Doctoral thesis presented by Boris Lossouarn

Multimodal vibration damping of structures coupled
to their analogous piezoelectric networks

Submitted September the 16th 2016 to the thesis committee:

Corrado MAURINI δ'Alembert, UPMC, Paris Rapporteur
Elie LEFEUVRE IEF, Université Paris Sud, Paris Rapporteur
Olivier ALLIX LMT, ENS Cachan Examinateur
Andrea BERGAMINI EMPA, Dübendorf, Suisse Examinateur
Kenneth A. CUNEFARE IAL, Georgia Tech, Atlanta, USA Examinateur
Mathieu AUCEJO LMSSC, Cnam Paris Co-encadrant de thèse
Jean-François DEÜ LMSSC, Cnam Paris Directeur de thèse

Abstract:

Structural vibrations can be reduced by benefiting from the electromechanical coupling that is offered by piezoelectric materials. In terms of passive damping, piezoelectric shunts allow converting the vibration energy into electrical energy. Adding an inductor in the circuit creates an electrical resonance due to the charge exchanges with the piezoelectric capacitance. By tuning the resonance of the shunt to the natural frequency of the mechanical structure, the equivalent of a tuned mass damper is implemented.

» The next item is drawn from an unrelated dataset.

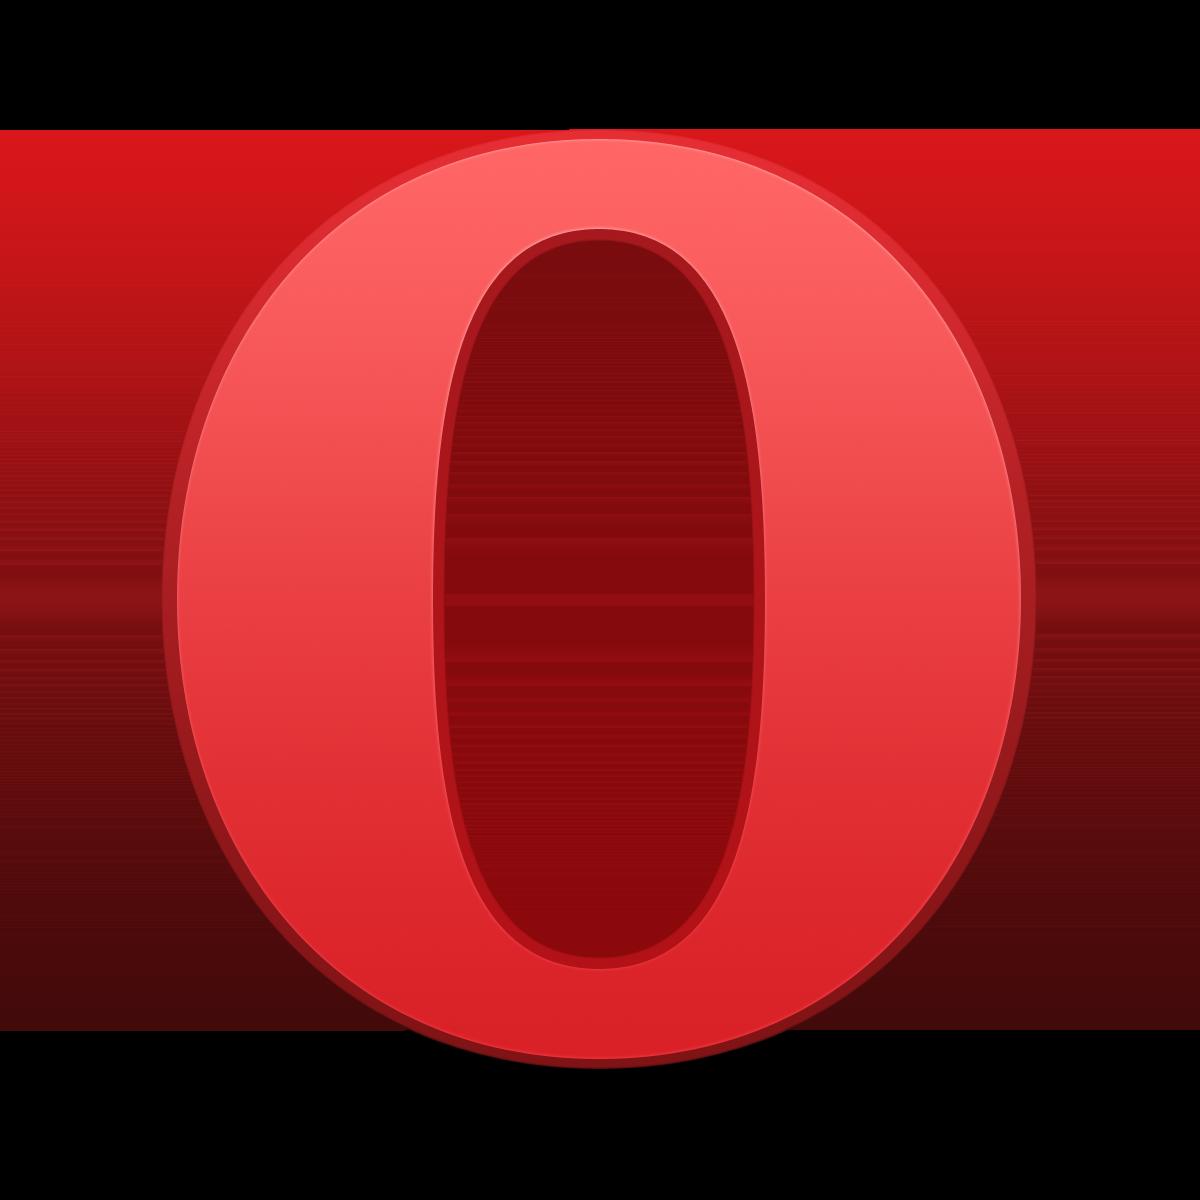 Neue Version von Opera für Android bringt Verbesserung bei der Datenkompression und Tab-Synchronisation mit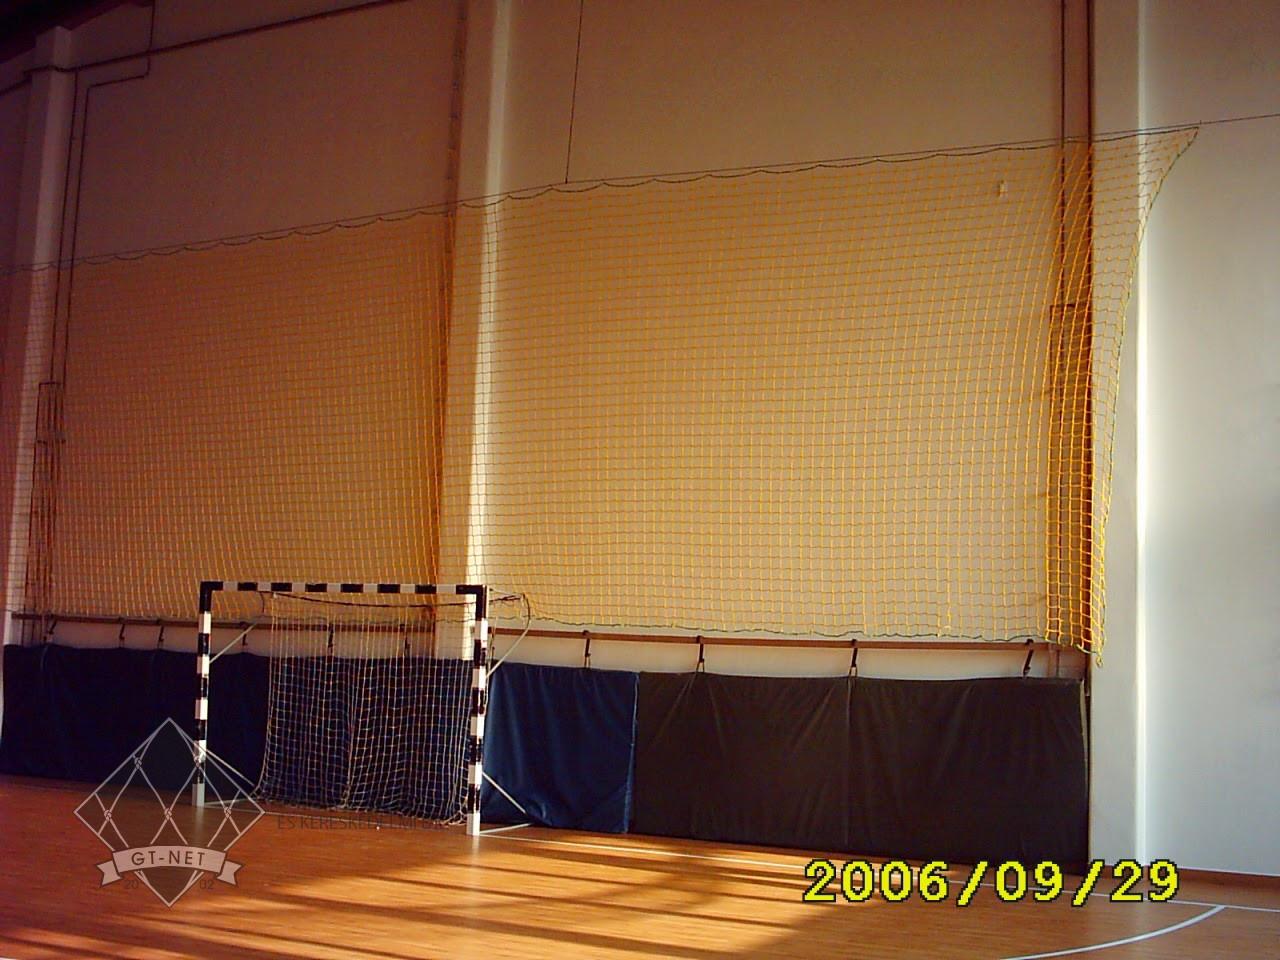 068 Labdafogóháló - Mezőtúr Városi Sportcsarnok

This strategy is extended to the control of a multimodal structure by increasing the number of piezoelectric patches. These are interconnected through an electrical network offering modal properties that approximate the behavior of the structure to control. This multi-resonant network allows the simultaneous control of multiple mechanical modes. An adequate electrical topology is obtained by discretizing the mechanical structure and applying the direct electromechanical analogy. The analogous network shows inductors and transformers, whose numbers and values are chosen according to the frequency band of interest.

After focusing on the design of suitable magnetic components, the passive control strategy is applied to the damping of one-dimensional structures as bars or beams. It is then extended to the control of thin plates by implementing a two-dimensional analogous network.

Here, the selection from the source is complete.